Update README.md

SimonDanisch · web-flow · commit 2b184f8850ad · 2017-08-26T21:27:42.000+02:00
diff --git a/README.md b/README.md
@@ -102,43 +102,33 @@ function test(a, b)
     Complex64(sin(a / b))
 end
 complex_c = test.(c, b)
-fft!(complex_c) # fft!/ifft! is currently implemented for JLBackend and CLBackend
-
+fft!(complex_c) # fft!/ifft!/plan_fft, plan_ifft, plan_fft!, plan_ifft!
+
+"""
+When you program with GPUArrays, you can just write normal julia functions, feed them to gpu_call and depending on what backend you choose it will use Transpiler.jl or CUDAnative.
+"""
+#Signature, global_size == cuda blocks, local size == cuda threads
+gpu_call(kernel::Function, DispatchDummy::GPUArray, args::Tuple, global_size = length(DispatchDummy), local_size = nothing)

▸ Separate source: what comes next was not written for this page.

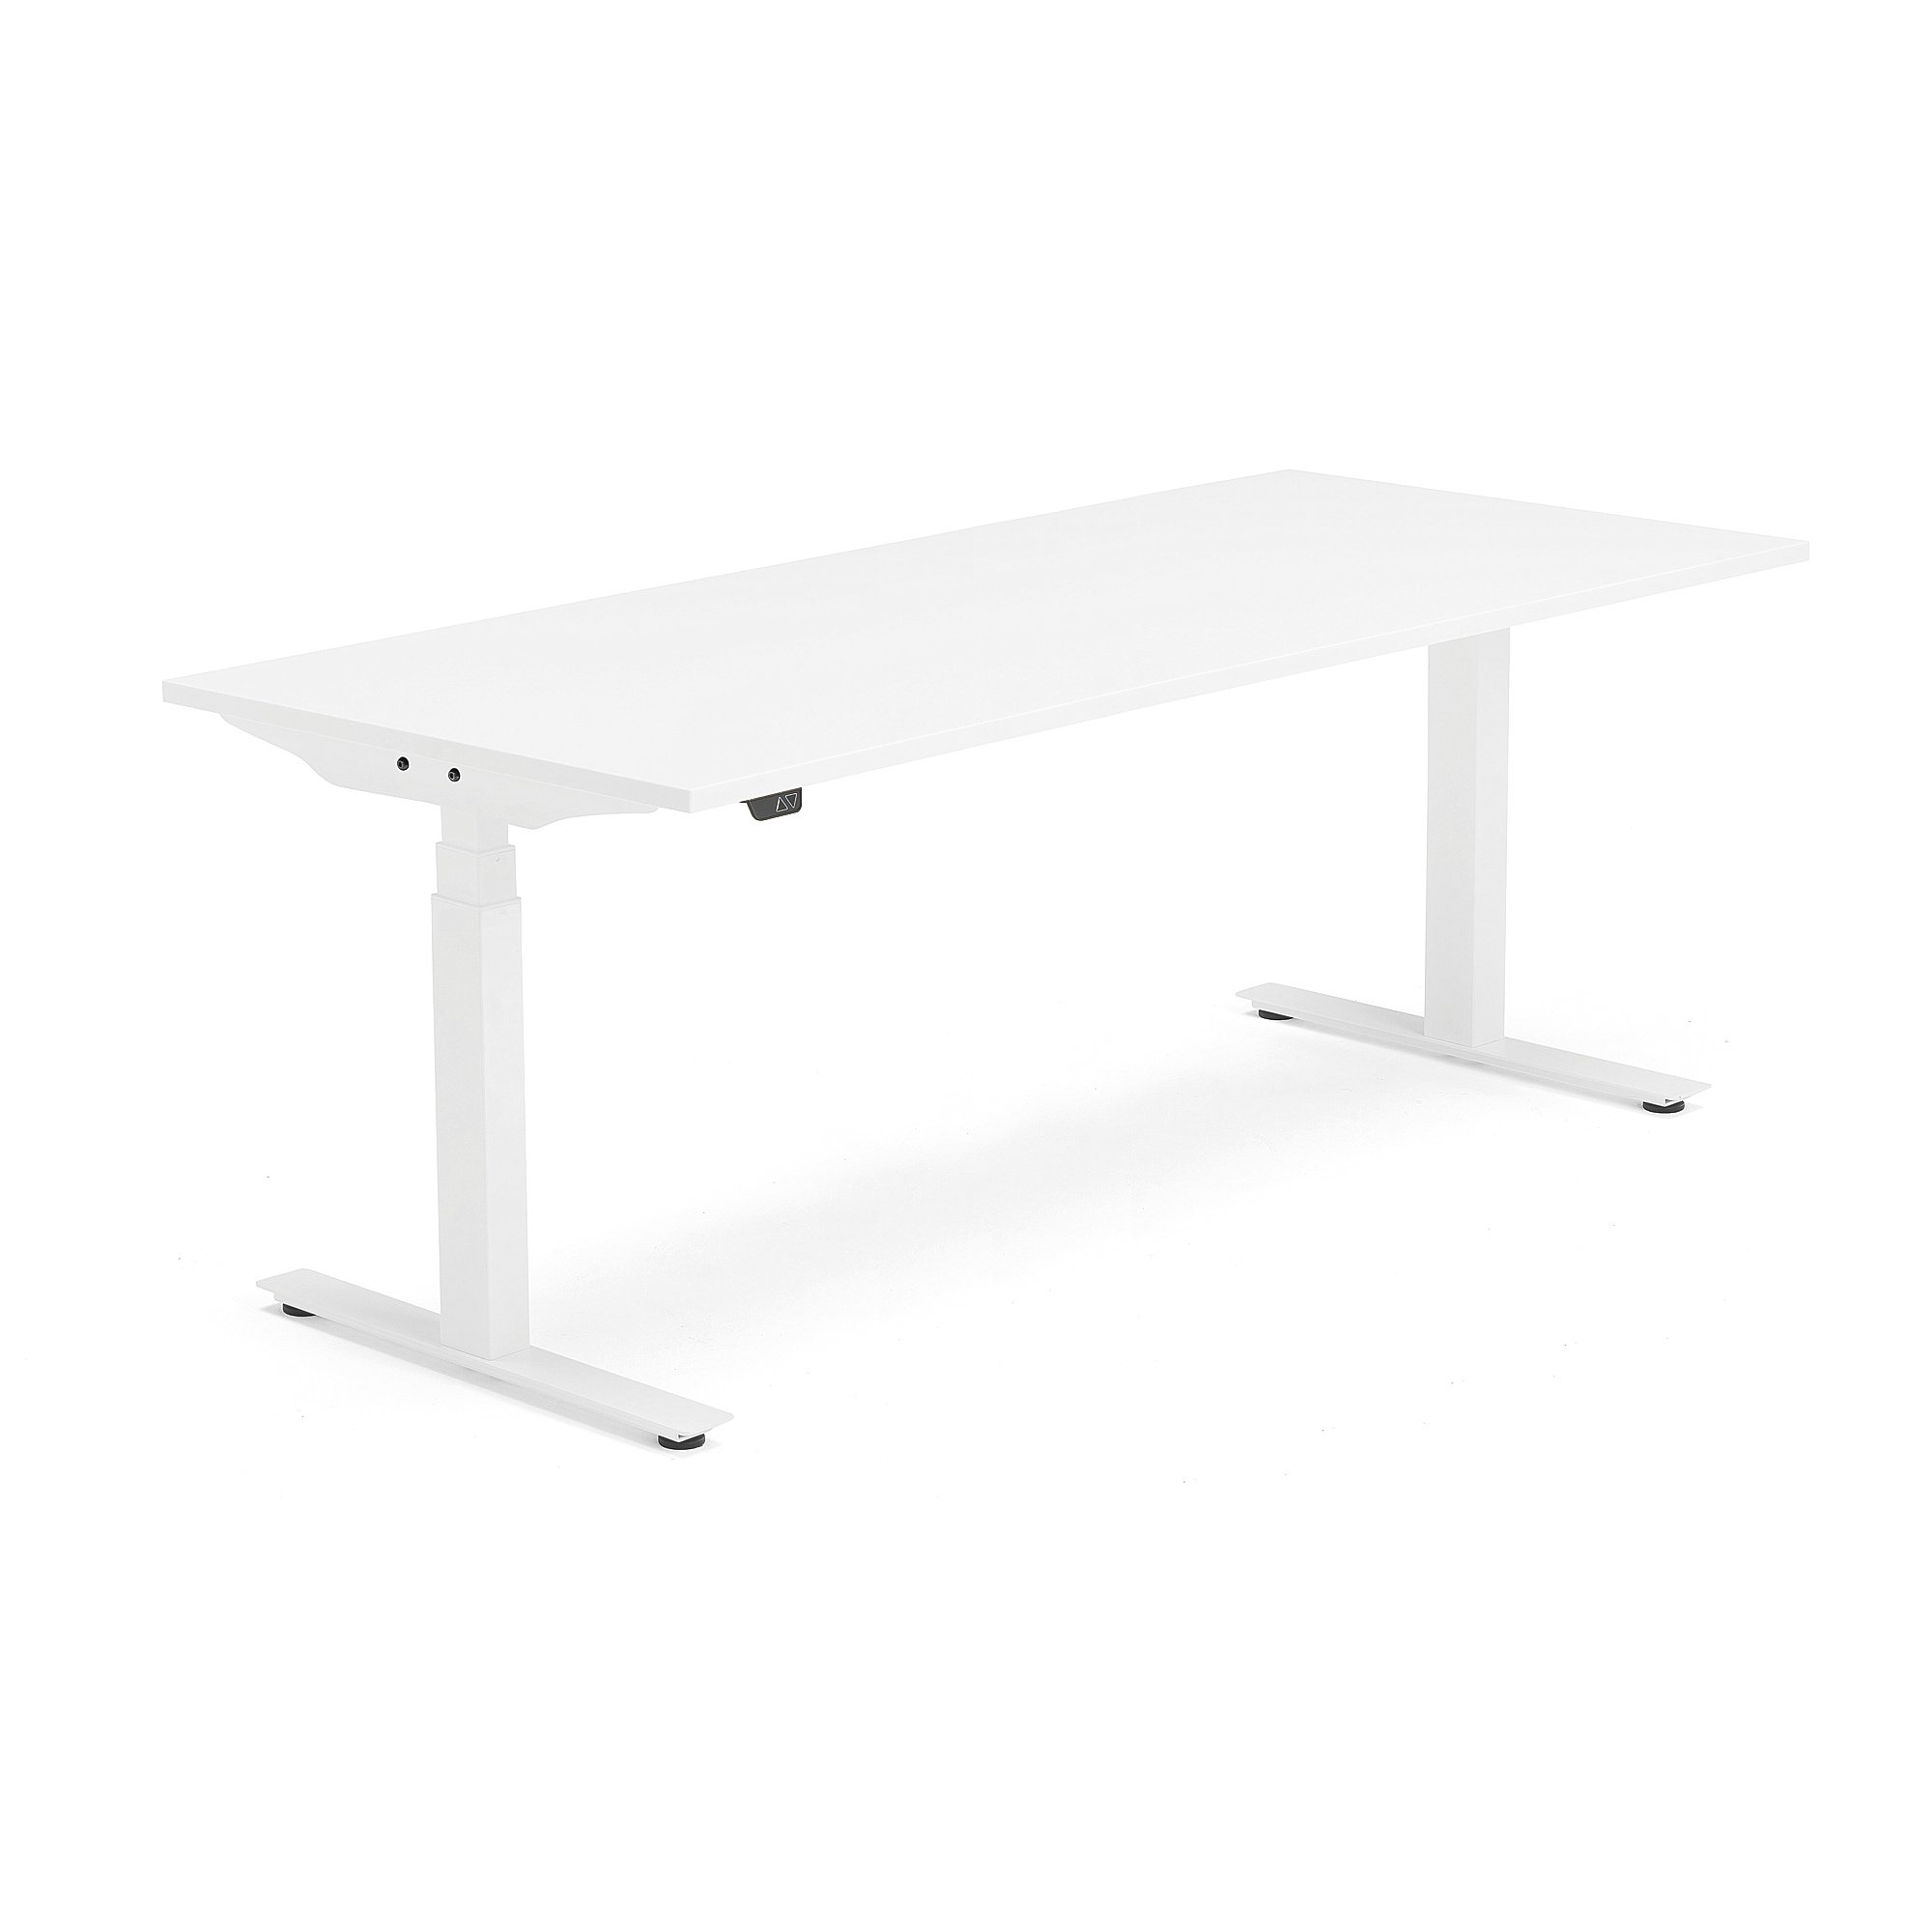 Výškově nastavitelný stůl MODULUS, 1800x800 mm, bílý rám, bílá

+with kernel looking like this:
+
+function kernel(state, arg1, arg2, arg3) # args get splatted into the kernel call
+    # state gets always passed as the first argument and is needed to offer the same 
+    # functionality across backends, even though they have very different ways of of getting e.g. the thread index
+    # arg1 can be any gpu array - this is needed to dispatch to the correct intrinsics.
+    # if you call gpu_call without any further modifications to global/local size, this should give you a linear index into 
+    # DispatchDummy
+    idx = linear_index(state, arg1::GPUArray) 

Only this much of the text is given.